Plexus Corp., the plaintiff in a customs classification case over printed circuit board assemblies used in audio-visual transmission equipment, wants proceedings stayed pending the Department of Justice's consideration of its settlement offer. According to the June 30 motion to stay in the Court of International Trade, Plexus said that a stay would help avoid "incurring unnecessary significant additional expenses" should the settlement offer be accepted (Plexus Corp. v. United States, CIT #13-00343).
The Commerce Department's decision to swap the basis for its total adverse facts available determination in an antidumping administrative review is backed by substantial evidence and in line with Court of International Trade remand orders, the Department of Justice said in June 30 comments on the remand results. After Judge M. Miller Baker found that Commerce improperly relied on two issues with plaintiff Hung Vuong Group's data submitted to the agency to determine AFA, Commerce flipped to two other elements of HVG's data to make the same determination (Hung Vuong Corporation, et al. v. United States, CIT #19-00055).
The Court of International Trade ruled June 29 it doesn't have jurisdiction over one of 12 entries of plywood from China in a customs case because the plaintiff didn't protest that entry's reliquidation. The lawsuit will continue over the remaining 11 entries.
The Department of Justice said in June 30 oral argument before the Court of International Trade that its positions on the proper jurisdiction for cases challenging either the exclusion or seizure of goods identified as drug paraphernalia are consistent in district courts and CIT. If an import is excluded from entry by CBP, CIT has jurisdiction. If the good is seized, the district court has jurisdiction, it said. DOJ argues that CIT doesn't have jurisdiction to hear a case brought by Root Sciences since CBP seized a cannabis crude extract recovery machine from the importer rather than excluding it (Root Sciences, LLC v. United States, CIT # 21-00123).
The following lawsuits were recently filed at the Court of International Trade:
Hilti, Inc., with consent from the Department of Justice, moved for the Court of International Trade to stop liquidation of its steel nail entries pending a result in its challenge of the expansion of Section 232 tariffs onto steel “derivatives,” in a June 29 filing. The importer wants the court to bar CBP from liquidating its steel nails entries subject to the 25% steel derivatives tariffs for entries made after 12:01 am Feb. 8, 2020. Hilti conferred with Ann Motto of DOJ, who consented to the suspension of liquidation, without addressing the likelihood of success in the case, the company said (Hilti, Inc., v. U.S. et al., CIT # 21-00216).
The Department of Justice invoked a recent U.S. Court of Appeals for the Federal Circuit opinion in an antidumping case involving a country-wide rate for a non-market economy, according to a June 28 notice of supplemental authority in the Court of International Trade. In the case, the China Manufacturers Alliance and Shanghai Huayi Group Corporation said that Commerce determined a country-wide antidumping rate without providing the legal basis for doing so in an antidumping investigation of truck and bus tires from China (Guizhou Tyre Co., Ltd. et al. v. United States, CIT #19-00031). But in China Manufacturers Alliance, LLC v. United States, decided on June 10, the Federal Circuit said that Commerce can assign a China-wide rate “by the very means in which Commerce did in this investigation,” DOJ said.

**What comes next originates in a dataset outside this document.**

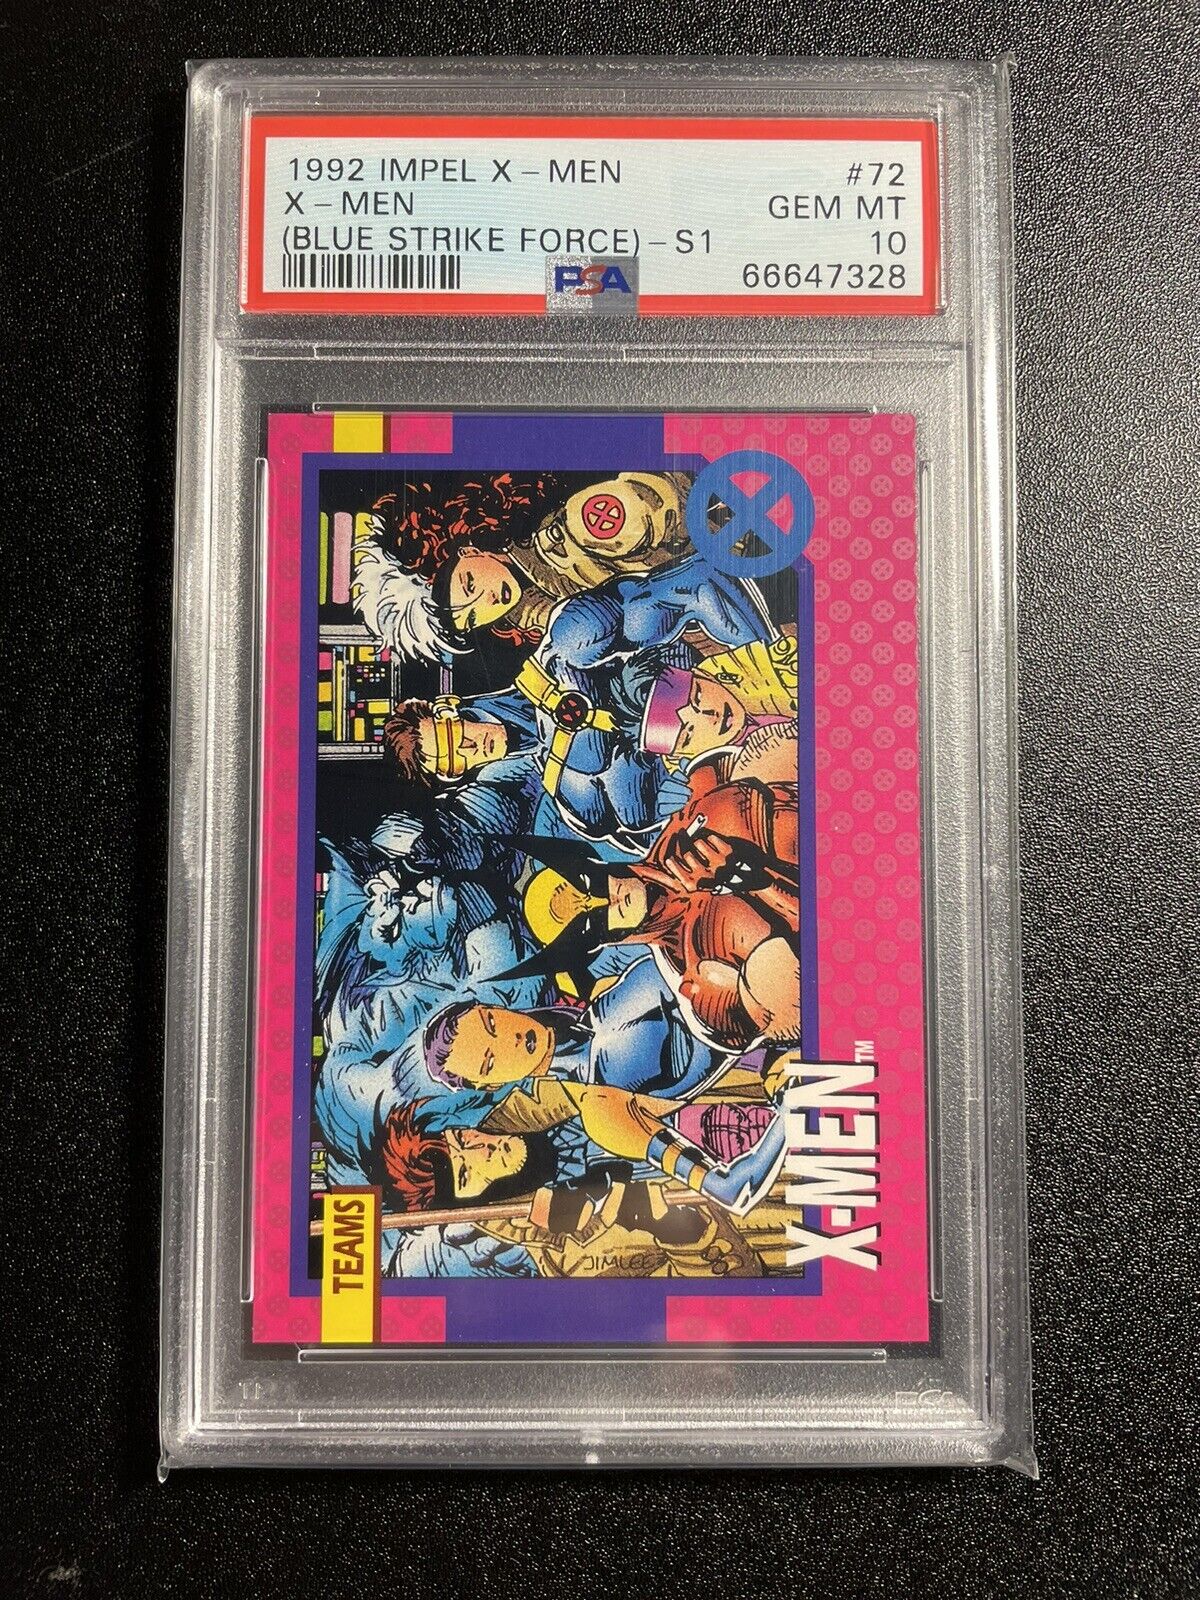 1992 Impel X-Men Blue Strike Force- S1 #72 PSA 10 GEM MINT

The decision showed that Commerce's China-wide rate is an individually investigated rate (see 2106100044).
The petitioner in an antidumping case, Catfish Farmers of America, is incorrect in its assessment that the Commerce Department erred by departing from the "expected method" for calculating the antidumping duty rate for non-individually reviewed "separate rate" respondents in an administrative review on frozen fish fillets from Vietnam, the Department of Justice said. Responding to the petitioner in June 28 comments on the second remand results at the Court of International Trade, DOJ, along with comments from the plaintiffs led by GODACO Seafood Joint Stock Company, said Commerce properly adhered to court orders by setting a lower rate for the exporters (GODACO Seafood Joint Stock Company, et al., v. United States, CIT #21-00063).
OtterBox can't get refunds on a prior disclosure it made on imports of smartphone covers, even though it prevailed in a Court of International Trade case on entries of the same product, the Department of Justice said in a June 25 reply brief to OtterBox's motion to enforce the court's judgment. DOJ said CIT does not have jurisdiction over the prior disclosure in dispute, making OtterBox's bid an attempt to get a refund to which it is not entitled (Otter Products, LLC v. United States, CIT #13-00269).

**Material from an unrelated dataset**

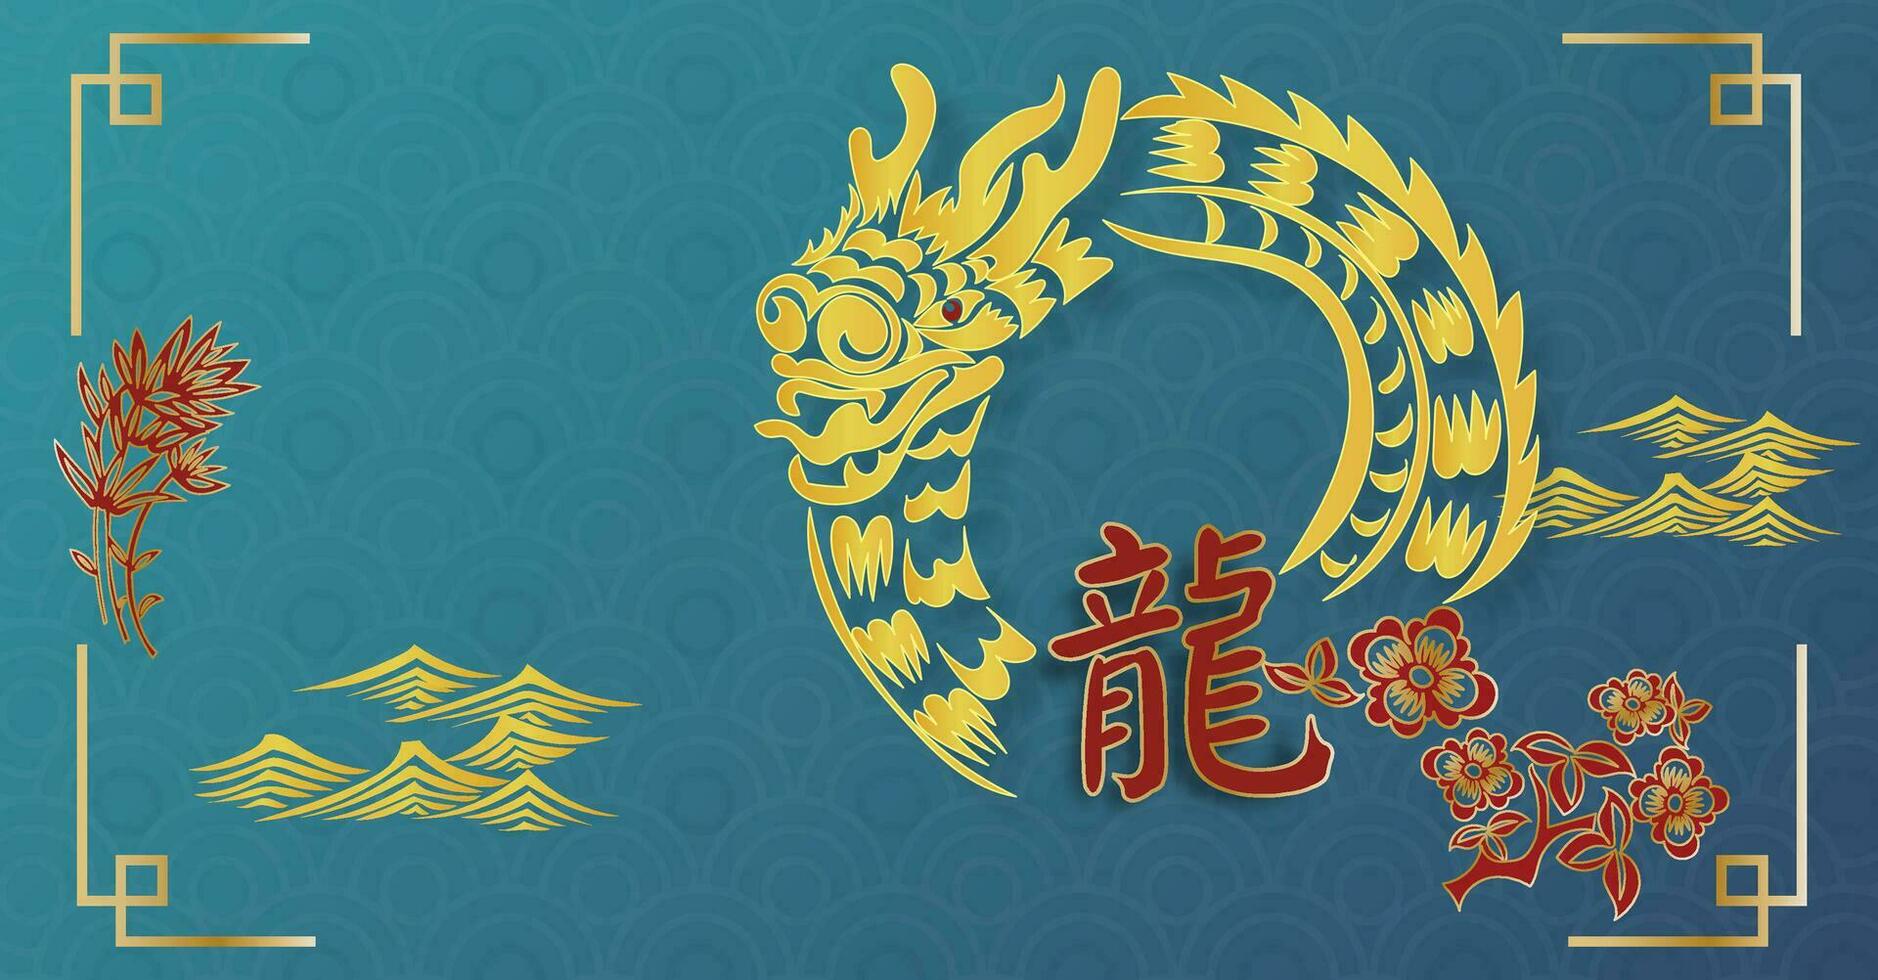 chinois Nouveau année 2024, le année de le dragon, vecteur

In a June 29 opinion, the Court of International Trade ruled that it did not have jurisdiction over one of 12 entries of plywood from China in a customs case since the importer only protested its first liquidation, but did not protest a second reliquidation. The lawsuit over the remaining 11 entries that the importer fully protested continues. The importer, Bral Corporation, says the imported plywood was defective and should therefore be reassessed duties at 18% of its original value.